Nielson Dylan M, Sederberg Per B
Data Science and Sharing Team, National Institute of Mental Health, Bethesda, MD, United States of America.
Department of Psychology, The Ohio State University, Columbus, OH, United States of America.
PLoS One. 2017 Aug 22;12(8):e0182797. doi: 10.1371/journal.pone.0182797. eCollection 2017.
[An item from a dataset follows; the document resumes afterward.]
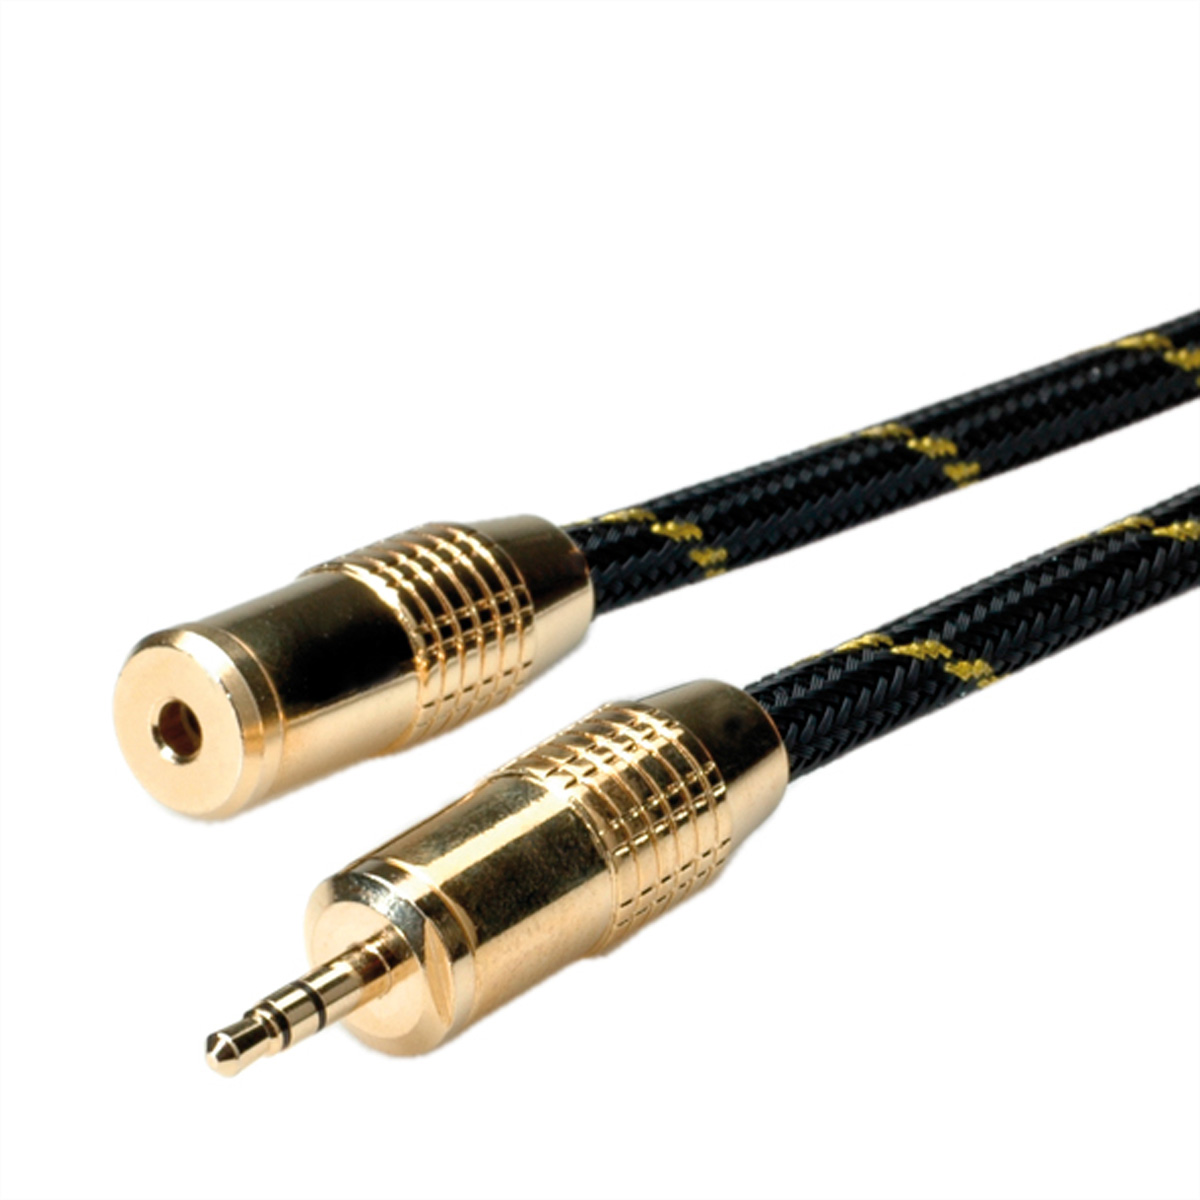 Audio-Verlängerungskabel, ROLINE 3,5mm Audio-Verlängerungskabel 3,5mm ST/BU, 2,5 GOLD m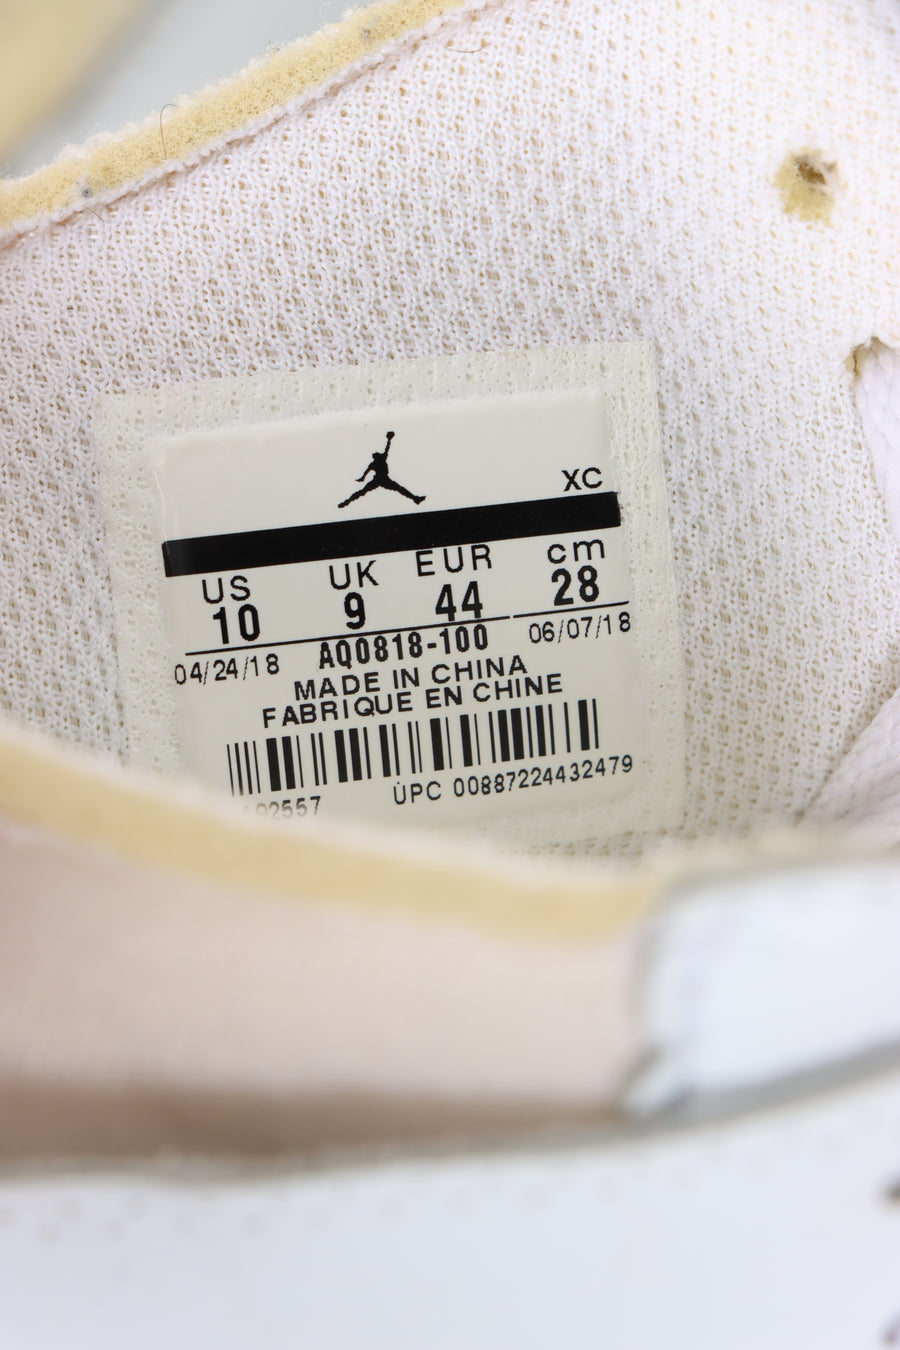 REPLICA Nike Air Jordan 1 Off White Retro High Sneakers (10)

Mixed effects models provide significant advantages in sensitivity and flexibility over typical statistical approaches to neural data analysis, but mass univariate application of mixed effects models to large neural datasets is computationally intensive. Threshold free cluster enhancement also provides a significant increase in sensitivity, but requires computationally-intensive permutation-based significance testing. Not surprisingly, the combination of mixed effects models with threshold free cluster enhancement and nonparametric permutation-based significance testing is currently completely impractical. With mixed effects for large datasets (MELD) we circumvent this impasse by means of a singular value decomposition to reduce the dimensionality of neural data while maximizing signal. Singular value decompositions become unstable when there are large numbers of noise features, so we precede it with a bootstrap-based feature selection step employing threshold free cluster enhancement to identify stable features across subjects. By projecting the dependent data into the reduced space of the singular value decomposition we gain the power of a multivariate approach and we can greatly reduce the number of mixed effects models that need to be run, making it feasible to use permutation testing to determine feature level significance. Due to these innovations, MELD is much faster than an element-wise mixed effects analysis, and on simulated data MELD was more sensitive than standard techniques, such as element-wise t-tests combined with threshold-free cluster enhancement. When evaluated on an EEG dataset, MELD identified more significant features than the t-tests with threshold free cluster enhancement in a comparable amount of time.
混合效应模型在神经数据分析的敏感性和灵活性方面比典型的统计方法具有显著优势,但将混合效应模型大规模单变量应用于大型神经数据集在计算上是密集的。无阈值聚类增强也显著提高了敏感性,但需要基于置换的计算密集型显著性检验。毫不奇怪,将混合效应模型与无阈值聚类增强和基于非参数置换的显著性检验相结合目前完全不切实际。使用大型数据集的混合效应(MELD),我们通过奇异值分解来规避这一僵局,以降低神经数据的维度同时最大化信号。当存在大量噪声特征时,奇异值分解会变得不稳定,因此我们在其之前进行基于自助法的特征选择步骤,采用无阈值聚类增强来识别跨受试者的稳定特征。通过将相关数据投影到奇异值分解的降维空间中,我们获得了多变量方法的功效,并且可以大大减少需要运行的混合效应模型的数量,使得使用置换检验来确定特征水平的显著性变得可行。由于这些创新,MELD比逐个元素的混合效应分析快得多,并且在模拟数据上,MELD比标准技术(如逐个元素的t检验与无阈值聚类增强相结合)更敏感。在一个脑电图数据集上进行评估时,MELD在相当的时间内比具有无阈值聚类增强的t检验识别出更多的显著特征。